The enactment of the Banking Regulation Act, 1949 holds a great significance for India which was politically, economically, and socially unstable yet was emerging as a new superpower post its independence. Therefore, it was the need of the hour to strengthen the measures that target at minimizing the vulnerability of the banks due to the fluctuations in the economic environment inclusive of the inadequacy of the capital, income recognition, assets and liabilities clarification, the improved level of transparency and the disclosure standards.

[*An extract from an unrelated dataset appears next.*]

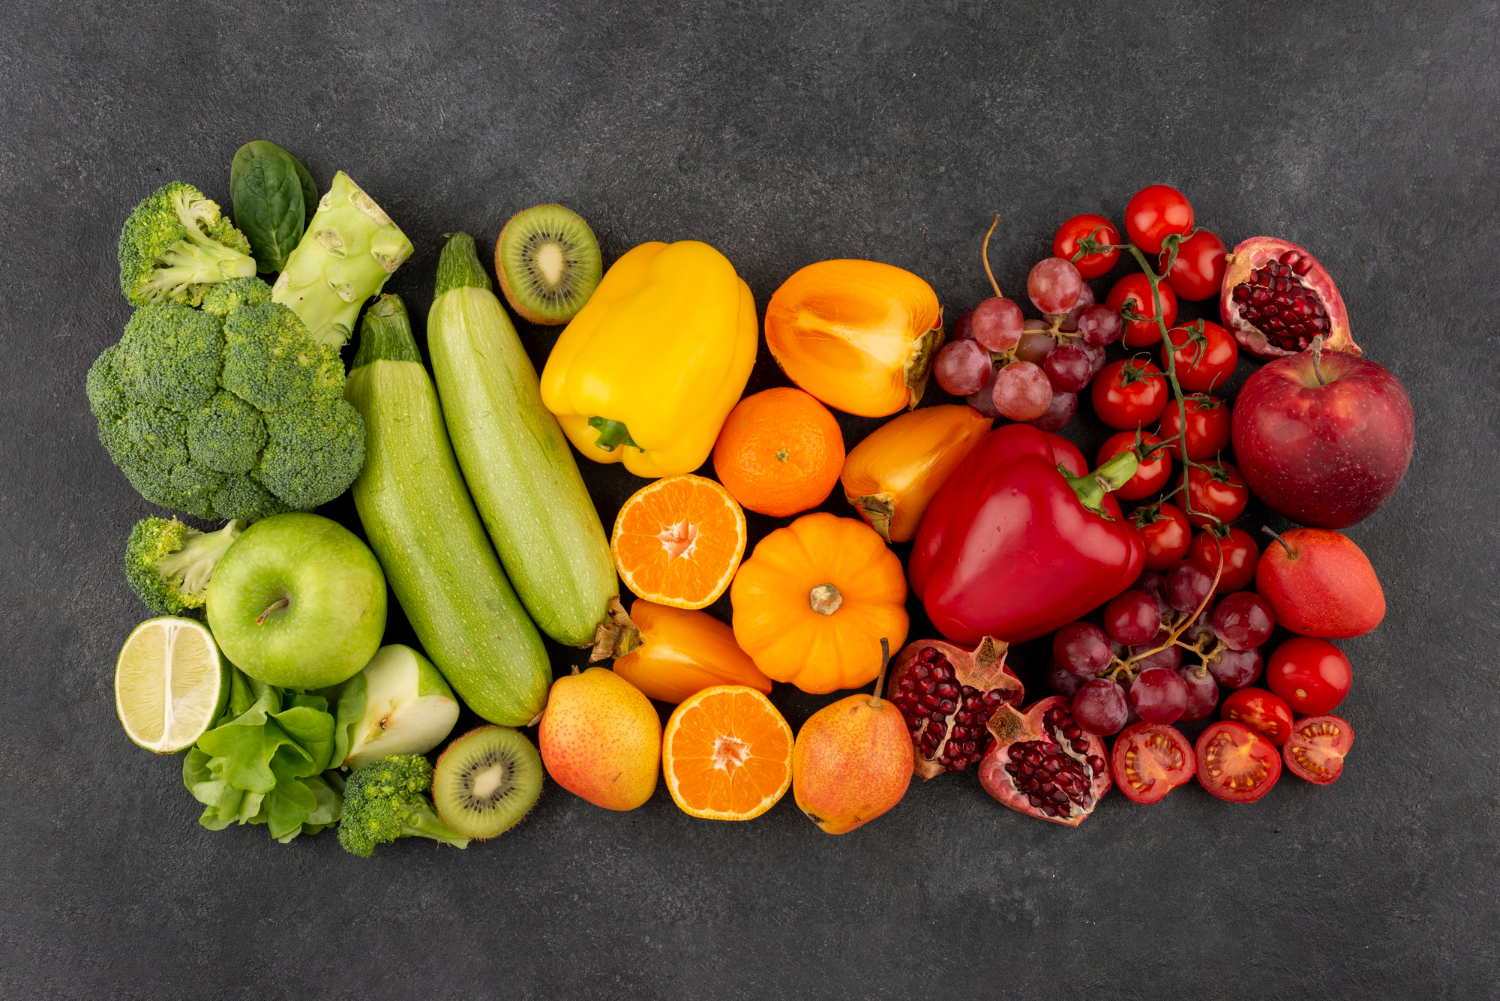 Укрепить иммунитет легко, если есть много фруктов и овощей. Фото © Freepik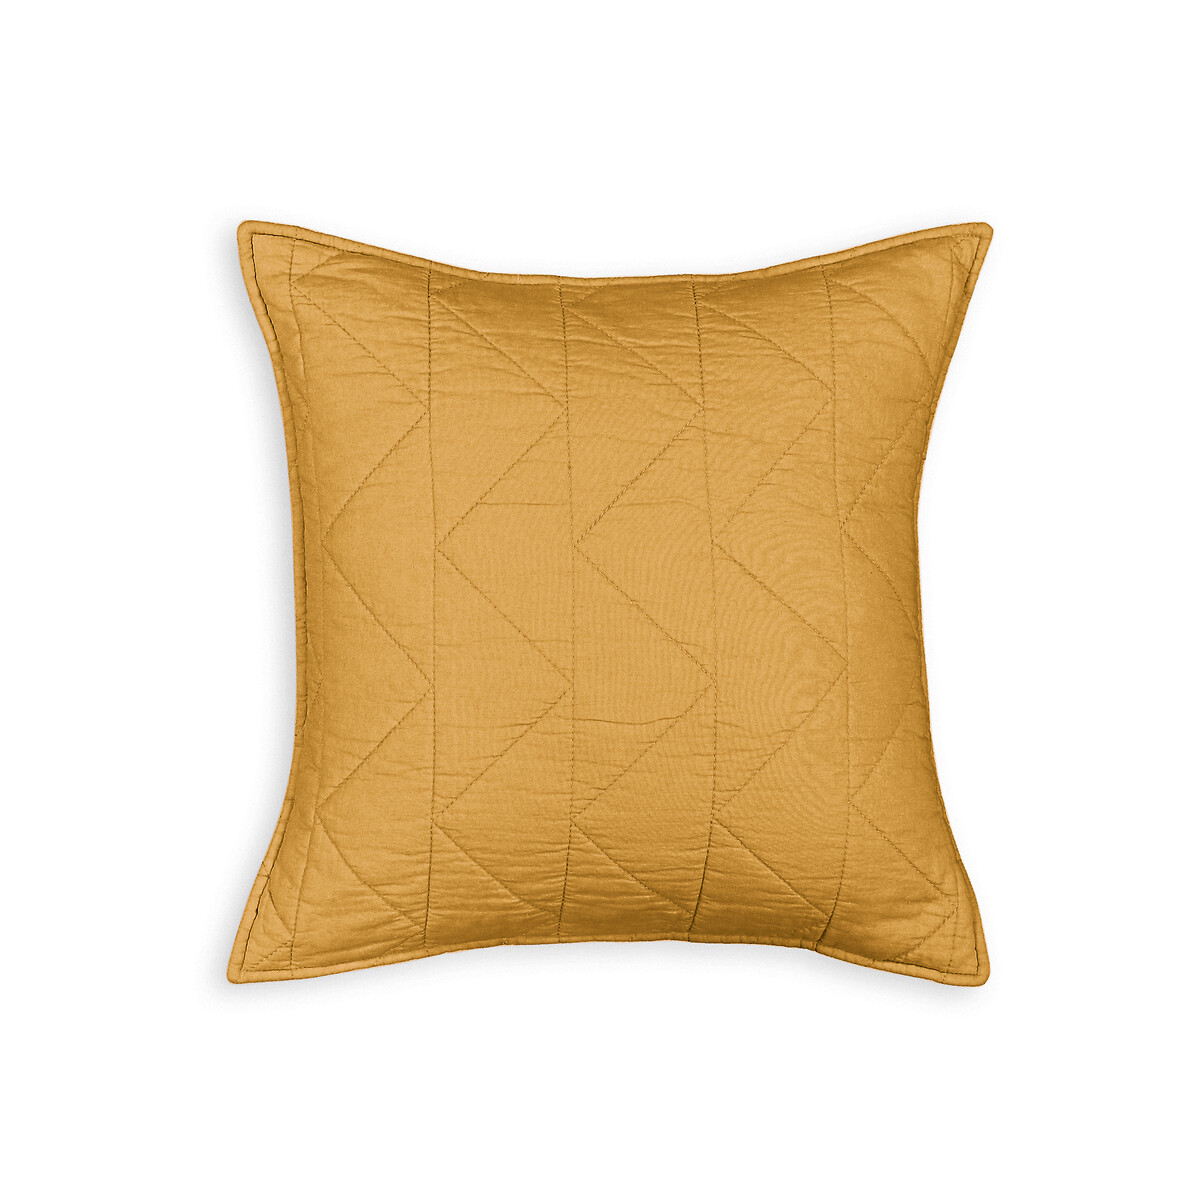 Чехол La Redoute На подушку  наволочка Zig-zag 40 x 40 см желтый, размер 40 x 40 см - фото 3

This act also brought in certain minimum capital requirements for the banks during the inadequacies of capital and during the times when most of the banks collapsed and henceforth, it was necessary to have or prescribe the minimum capital and resource requirement.

This Act empowers the Reserve Bank of India to license the banks and regulate the shareholding. It also gives the power to RBI for the conduction of the appointments of the board as well as management members of the bank, further laying down the guidelines for the audits to be managed by the Reserve bank of India with their controlling and the liquidation tactics.

Power is given to RBI to issue directives on banking policy in good faith and public interest whereas it can also impose the penalties as and when needed. This act incorporated under it with the amendment of 1965 the Co-Operative Banks. This act includes detailed provisions relating to the various businesses that a bank in India is permitted to engage in. Two new sections (viz. 35AA and 35AB) are inserted in the Banking Regulation (Amendment) Ordinance, 2017 [7].


The Banking Regulation Act, 1949 extends to the entire nation and is not just pertinent to the primary agricultural societies, non-agricultural primary credit societies, and cooperative land mortgage banks. The act impacts and applies to Nationalized, Non- Nationalized, and Cooperative banks.

Impact On The Reserve Bank Of India

The act impacts the power given to the Reserve Bank of India to directly intervene in the bad loan cases. After this, the central bank will be able to directly ask banks to sit down with defaulters and reach a settlement as part of the package. The plan will be begun with banks being advised to determine the main 40-50 cases. Under the altered demonstration or the law, if banks can’t discover an answer for the issue by the predetermined time, the national bank will step in legitimately. RBI had been impacted and now it has the power that will ensure the timely completion of the settlement processes.

Impact On The Bankers

A banking company transacts business banking in India. This act defines in the business of banking by stating the essential features and functions of bankers and the providers with the list of businesses banking companies can engage in whereas it prohibits some. There have been complaints by the bankers on the prospective interrogation by the vigilance committees. Thought the central bank had already addressed the issue and had taken care by increasing the standards of the questions to be asked from the bankers but no assurance can be given for the protection from the investigation.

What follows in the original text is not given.